We’ll also need a function that returns the frequencies of phenotypes given p, q and r and assuming random mating:

pheno.freqs <- function(p, q, r=1-p-q){
return(c(p^2, 2*p*q, 2*p*r, q^2, 2*r*q, r^2))
}
pheno.freqs(0.5, 0.3)
## [1] 0.25 0.30 0.20 0.09 0.12 0.04
pheno.freqs(0.1, 0.1)
## [1] 0.01 0.02 0.16 0.01 0.16 0.64
pheno.freqs(0.1, 0.9)
## [1] 0.01 0.18 0.00 0.81 0.00 0.00

Finally, let’s write a function that plots the phenotype and allele frequencies over time

library(ggplot2)


plot.allele.history <- function(p, q, r=1-p-q, w11=1, w12=1, w13=1, w22=1, w23=1, w33=1, gens=100){

history <- data.frame(generation=numeric(), cat=character(), Type=character(), frequency=numeric())

for (i in 1:gens){
  phenos <- data.frame(generation=rep(i,6), cat=rep("phenotypes",6), Type=c("AA", "AB", "AC", "BB", "BC", "CC"), freq=pheno.freqs(p, q))
  alleles <- data.frame(generation=rep(i,3), cat=rep("alleles",3), Type=c("p", "q", "r"), freq=c(p, q, r))
    history <- rbind(history, phenos,alleles)
  new.freqs <- new.pqr(p, q, 1-p-q, w11, w12, w13, w22, w23, w33)
  p <- new.freqs[1]; q <- new.freqs[2]; r <- new.freqs[3]
}

g <- ggplot(history, aes(generation, freq, color=Type))+geom_line()+ylim(c(0,1))+
  facet_grid(cat~.)

return(g)
}

Let’s try this out!

plot.allele.history(p=0.35, q=0.25, w11=0.8, w22=0.8)

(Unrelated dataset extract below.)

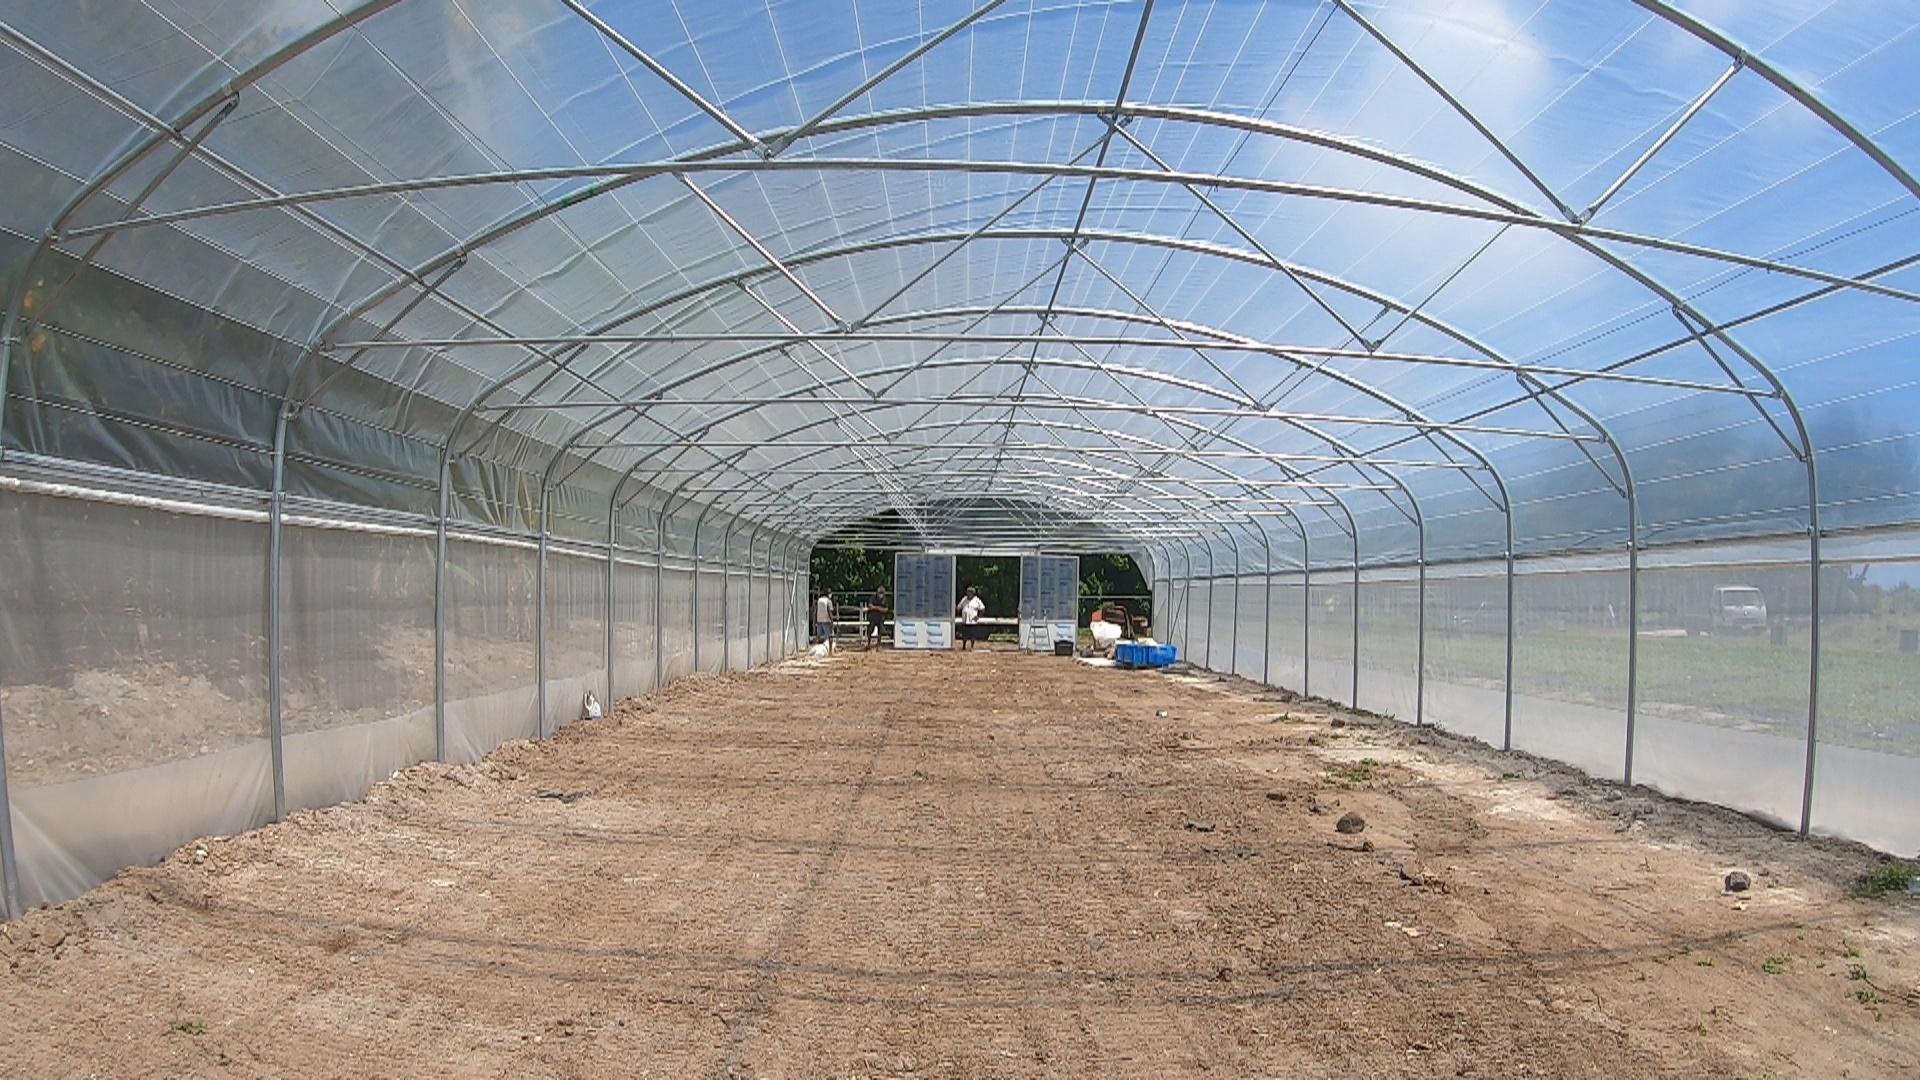 Des projets pilotes pour l'agriculture

plot.allele.history(p=0.35, q=0.25, w11=0.8, w22=0.8, w33=0.8)

plot.allele.history(p=0.35, q=0.25, w12=0.8, w23=0.8)

Can you create…

  1. A scenario where all three alleles survive in different frequencies?

  2. A scenario where two of the three alleles survive in the equal frequencies?

  3. A scenario where two of the three alleles survive in different frequencies?

Challenge:

Write equations for the equilibrium allele frequencies. Can you simplify this set of equations to describe what must be true of the allele frequencies when equilibrium is reached?